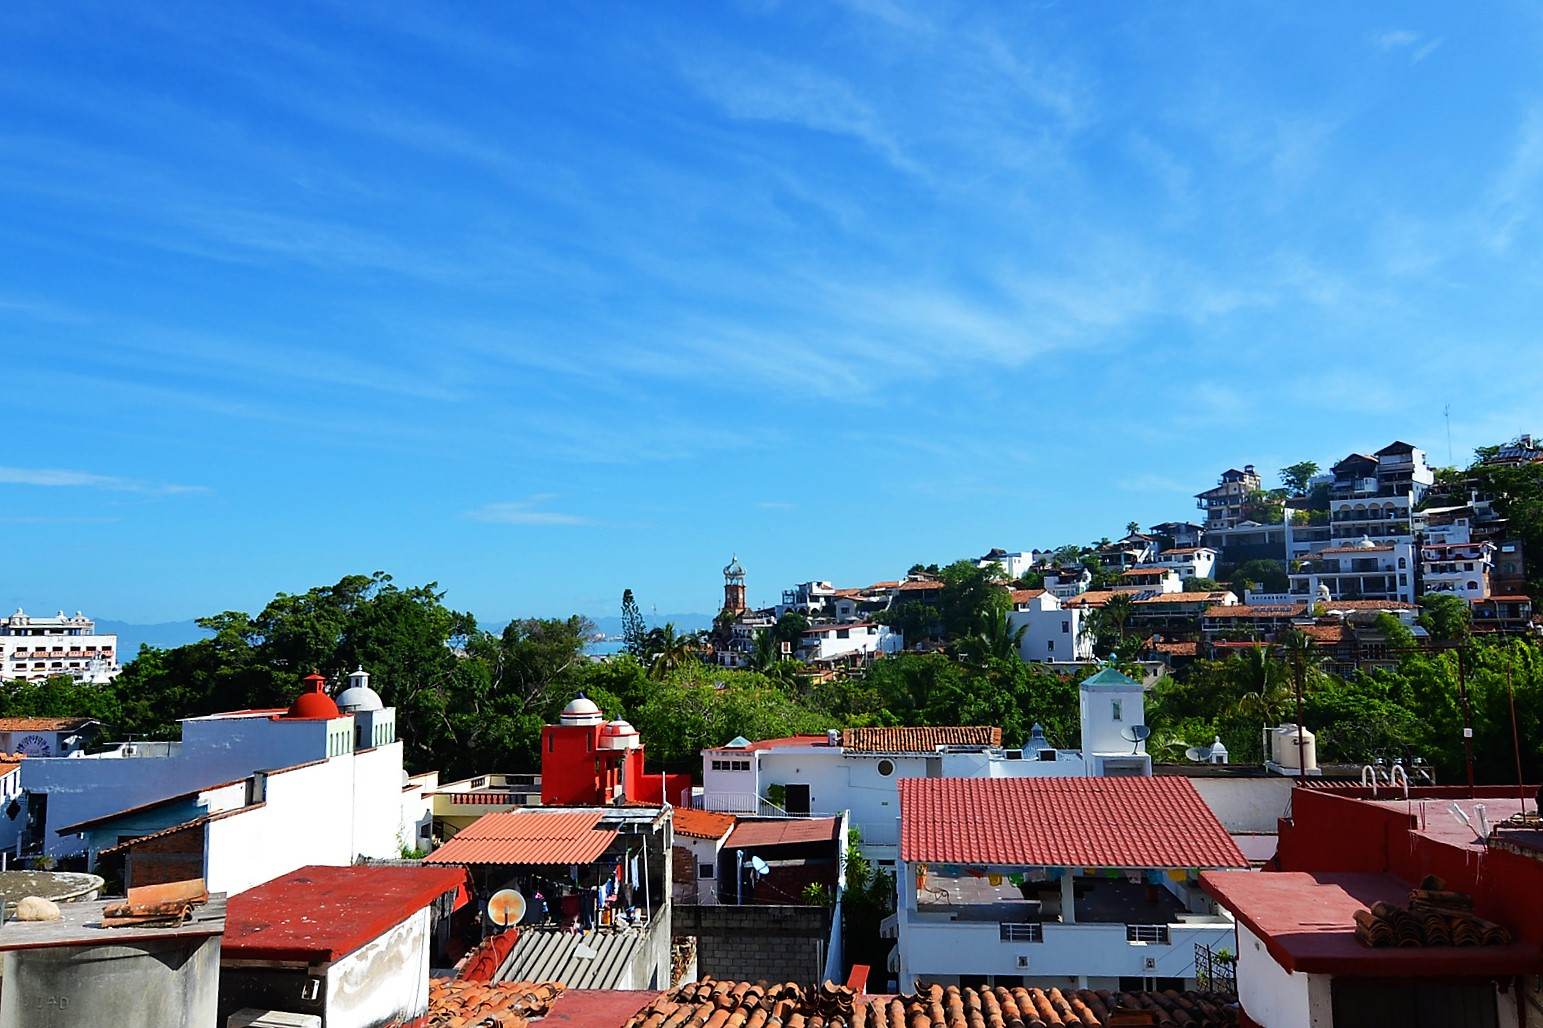 Condo Avida Super Studio 4 - Puerto Vallarta Furnished Condo Romantic Zone (28)
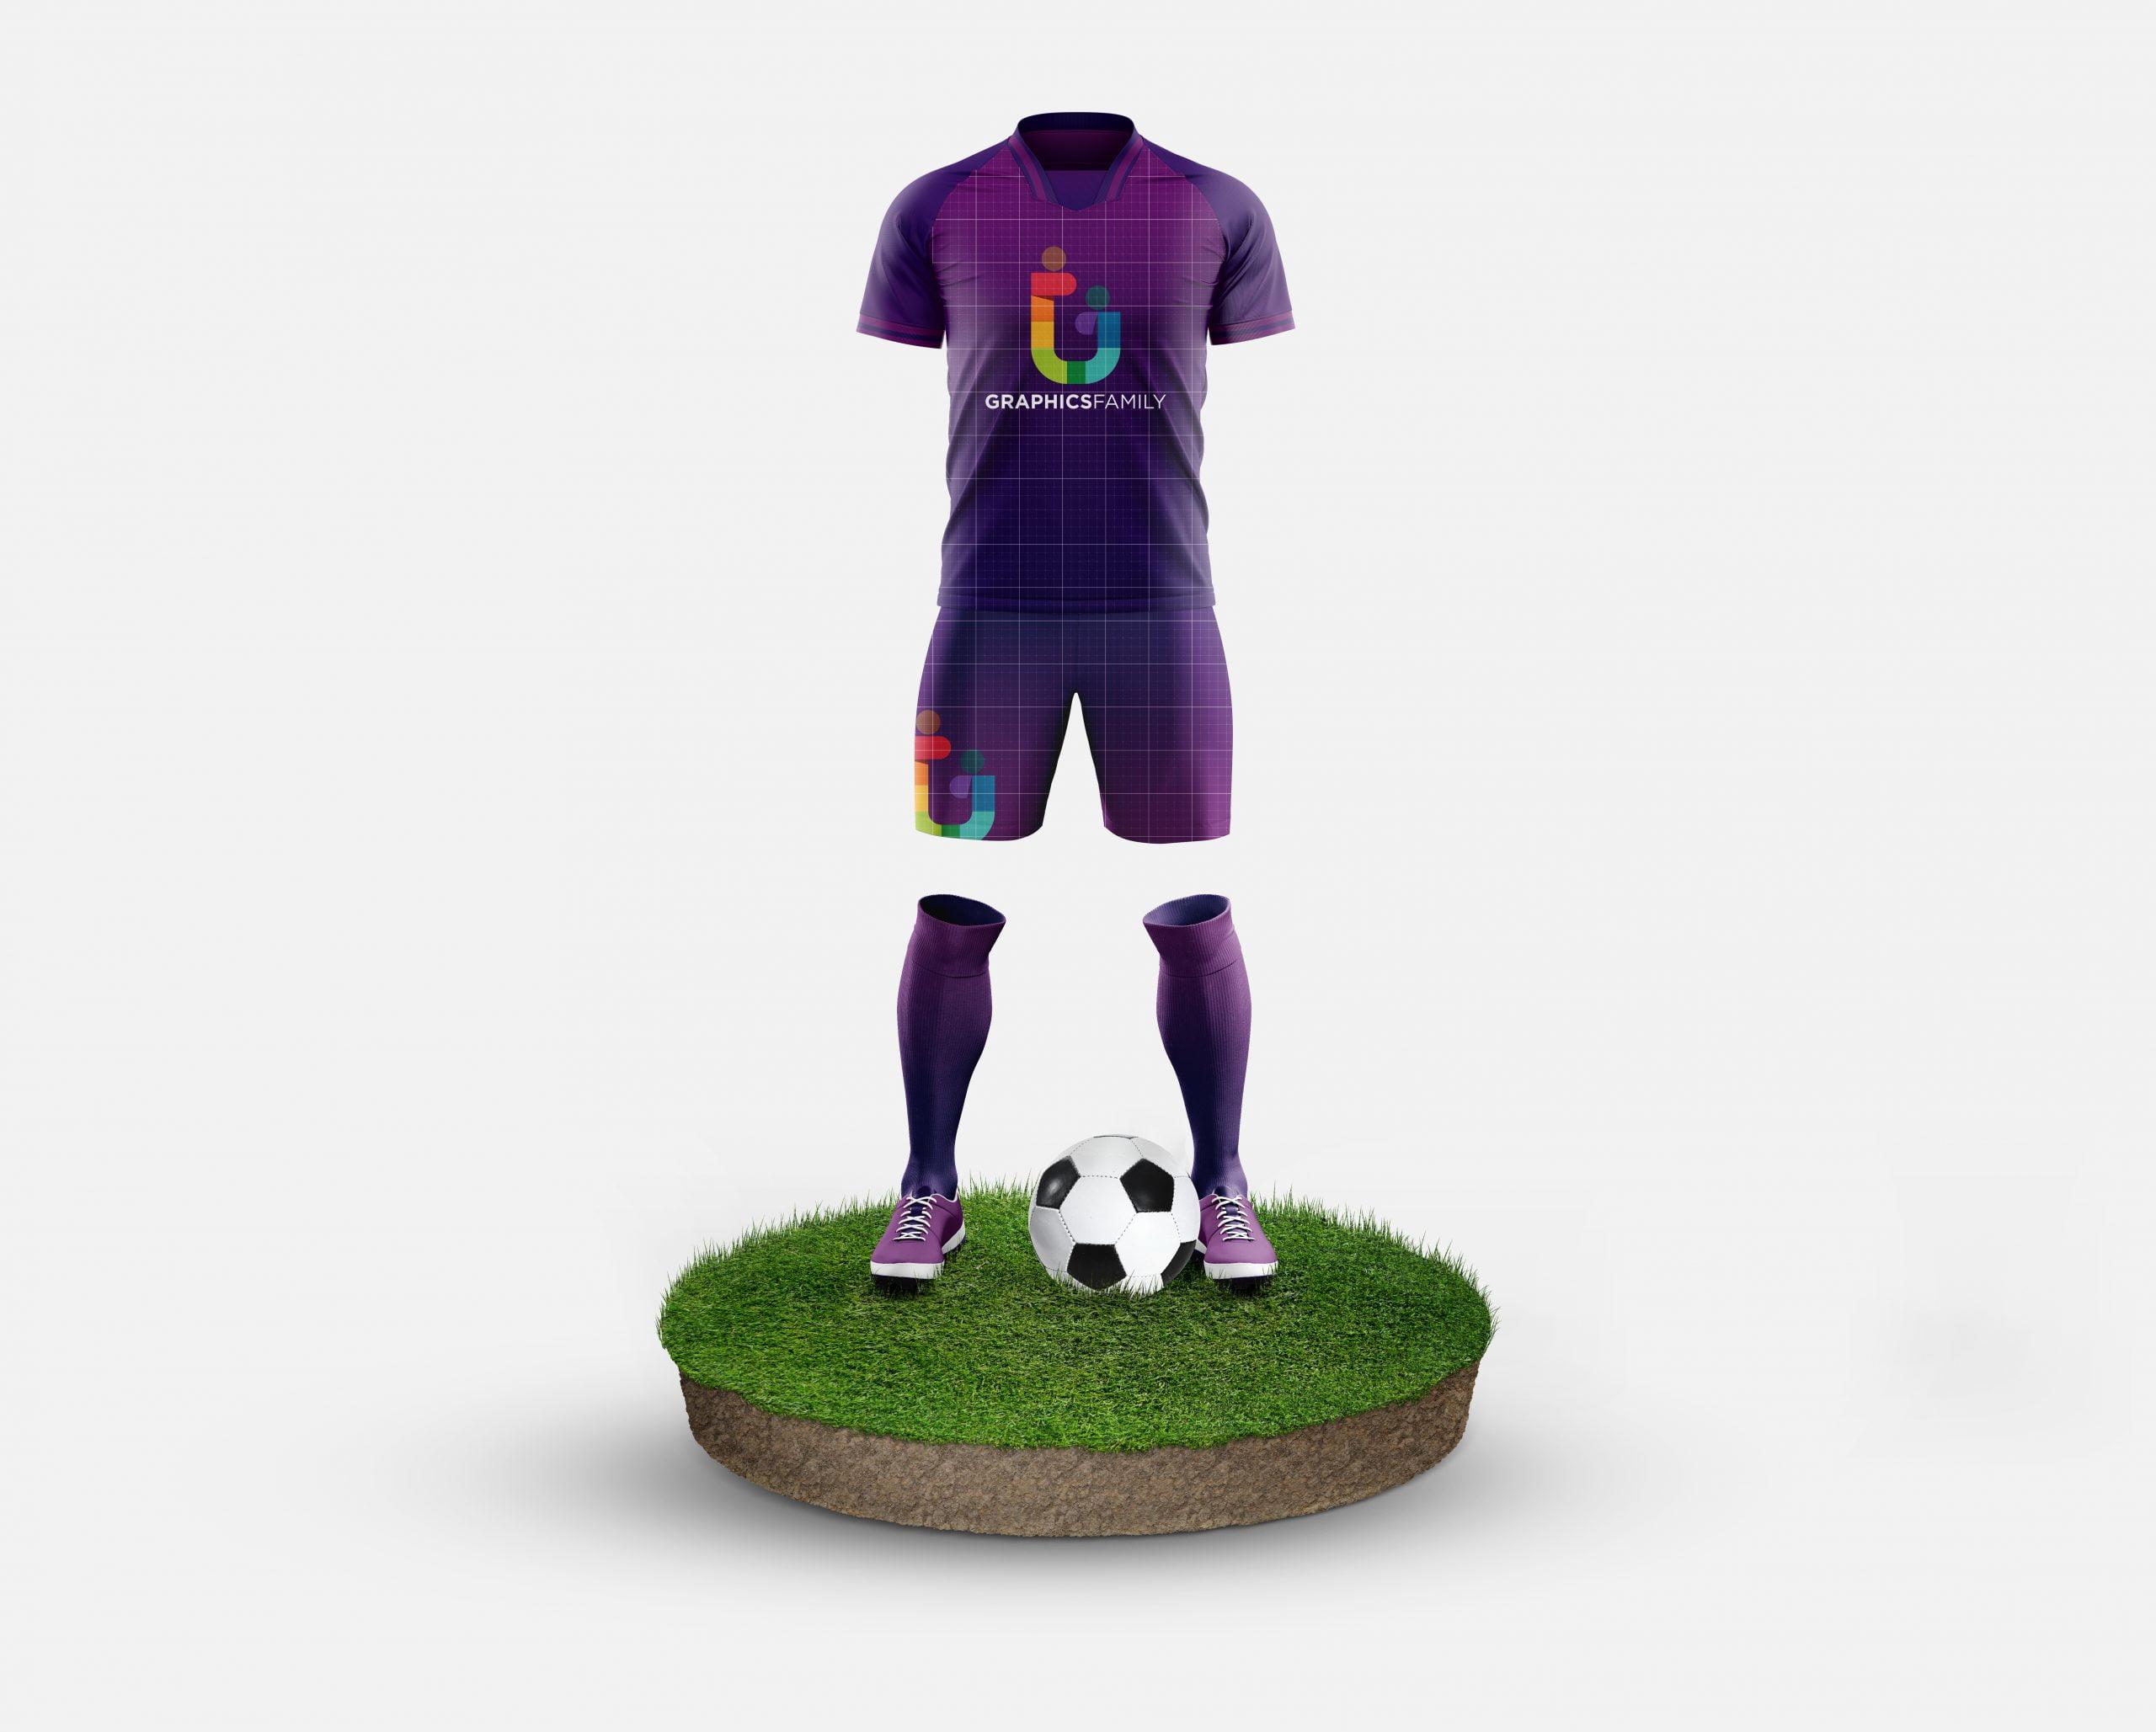 GraphicsFamily Free Football Kit Mockup Template
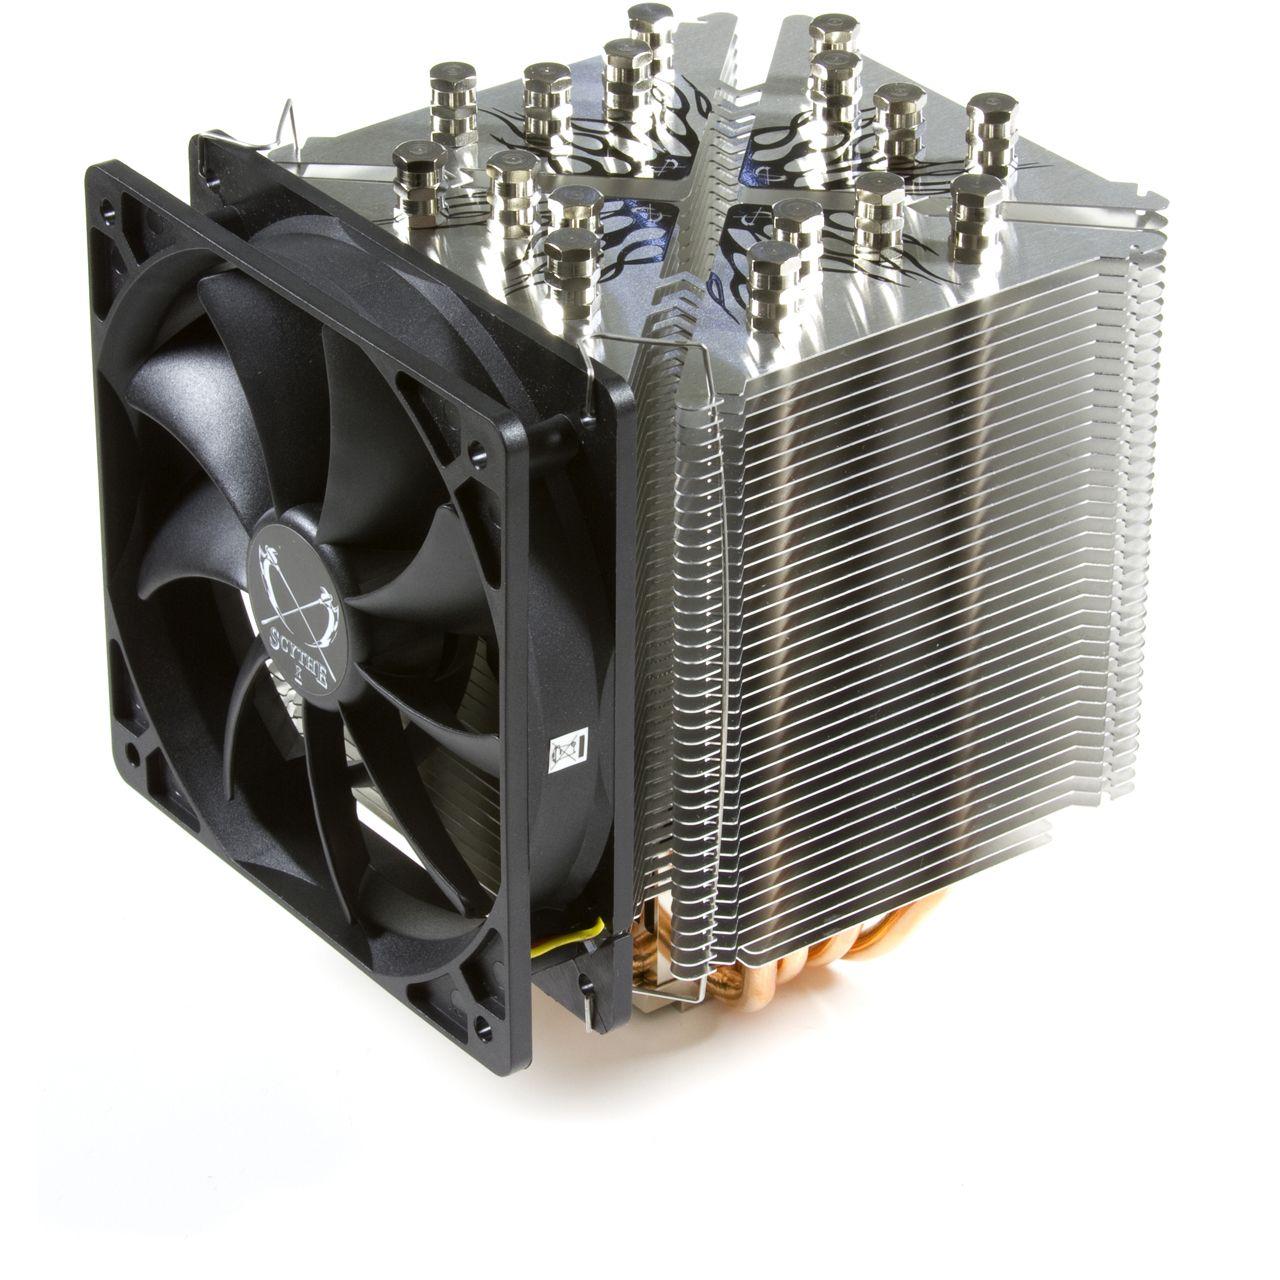 Scythe SCNJ-3000 Ninja 3 AMD und Intel - CPU Kühler | Mindfactory.de ...
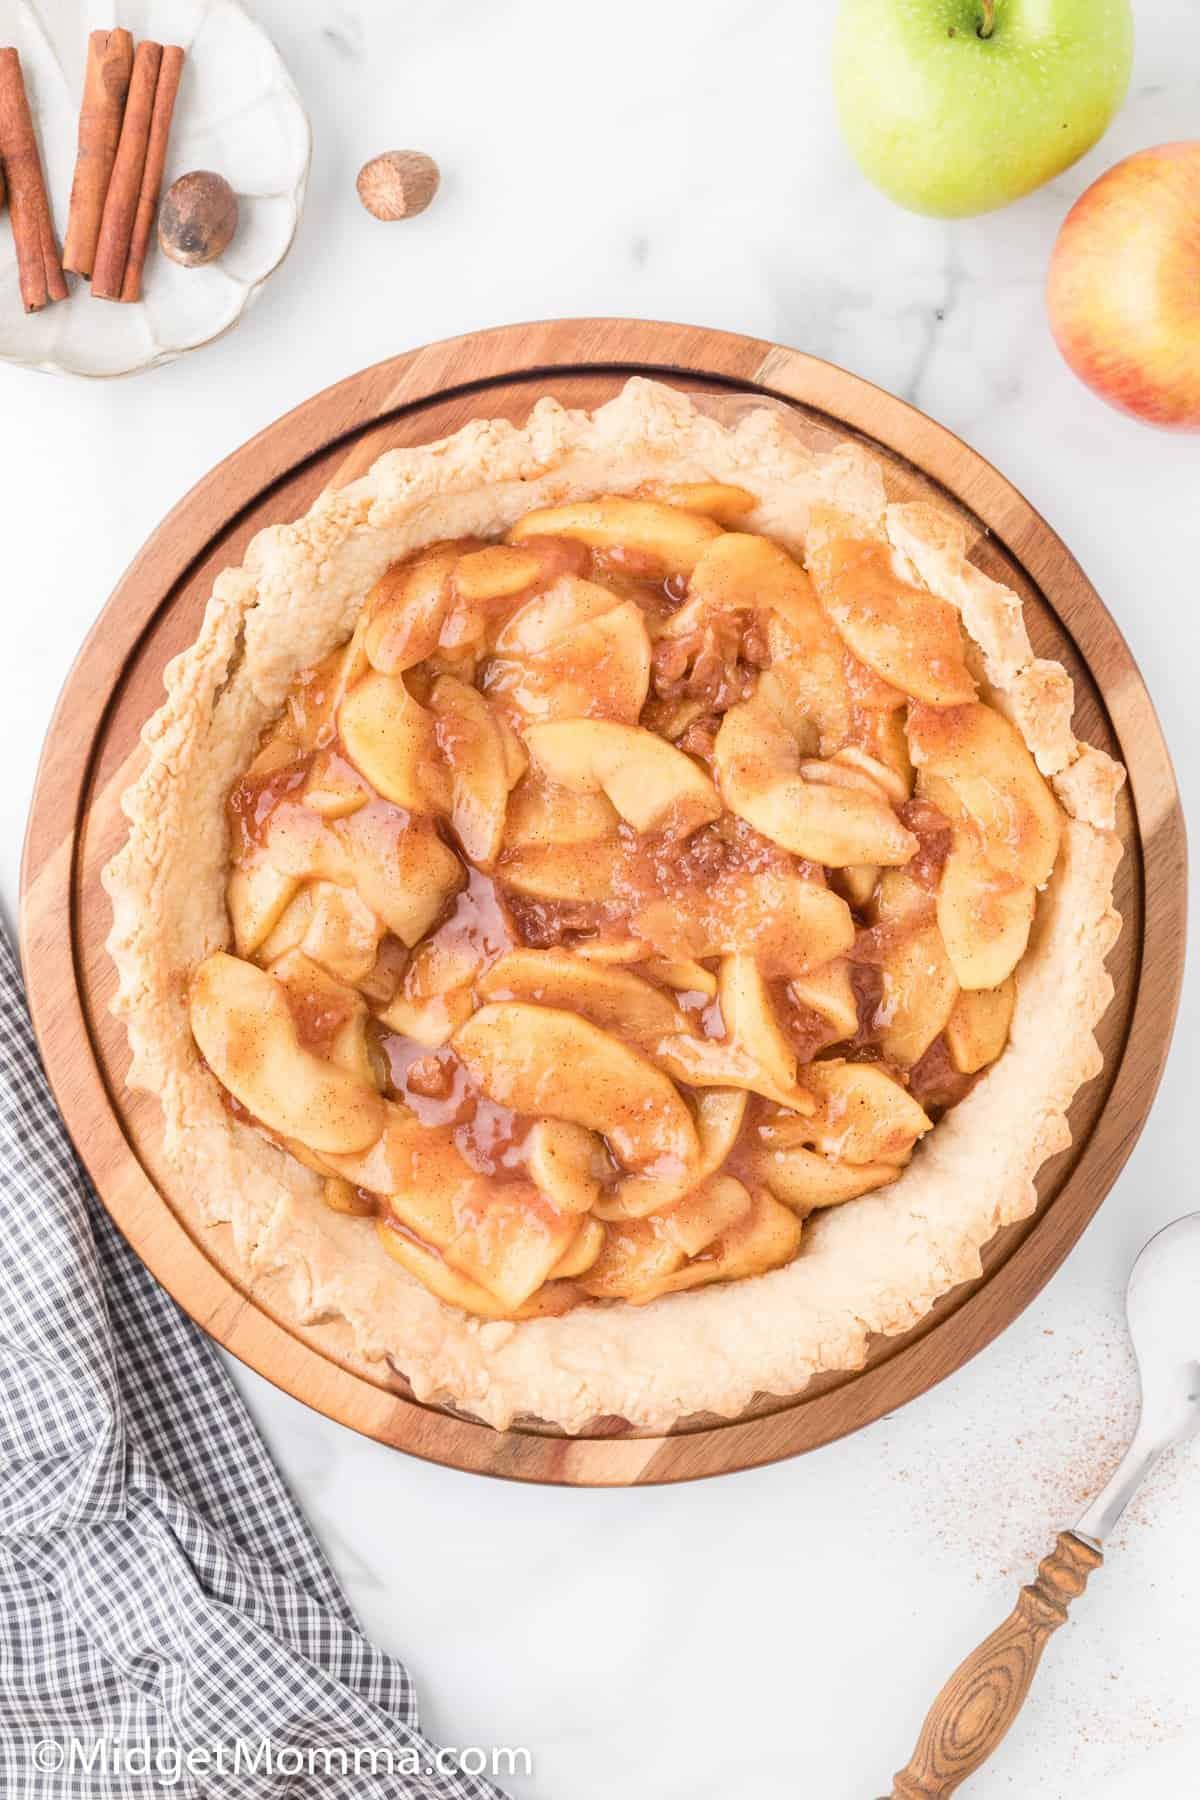 homemade apple pie filling in a pie crust

+-------+

* _Work request_: Exclude every picture, then reproduce the remaining data character for character.

* _Finished exercise_:
 Condo Avida Super Studio 4 - Puerto Vallarta Furnished Condo Romantic Zone (28)
 GraphicsFamily Free Football Kit Mockup Template
 Scythe SCNJ-3000 Ninja 3 AMD und Intel - CPU Kühler | Mindfactory.de ...
 homemade apple pie filling in a pie crust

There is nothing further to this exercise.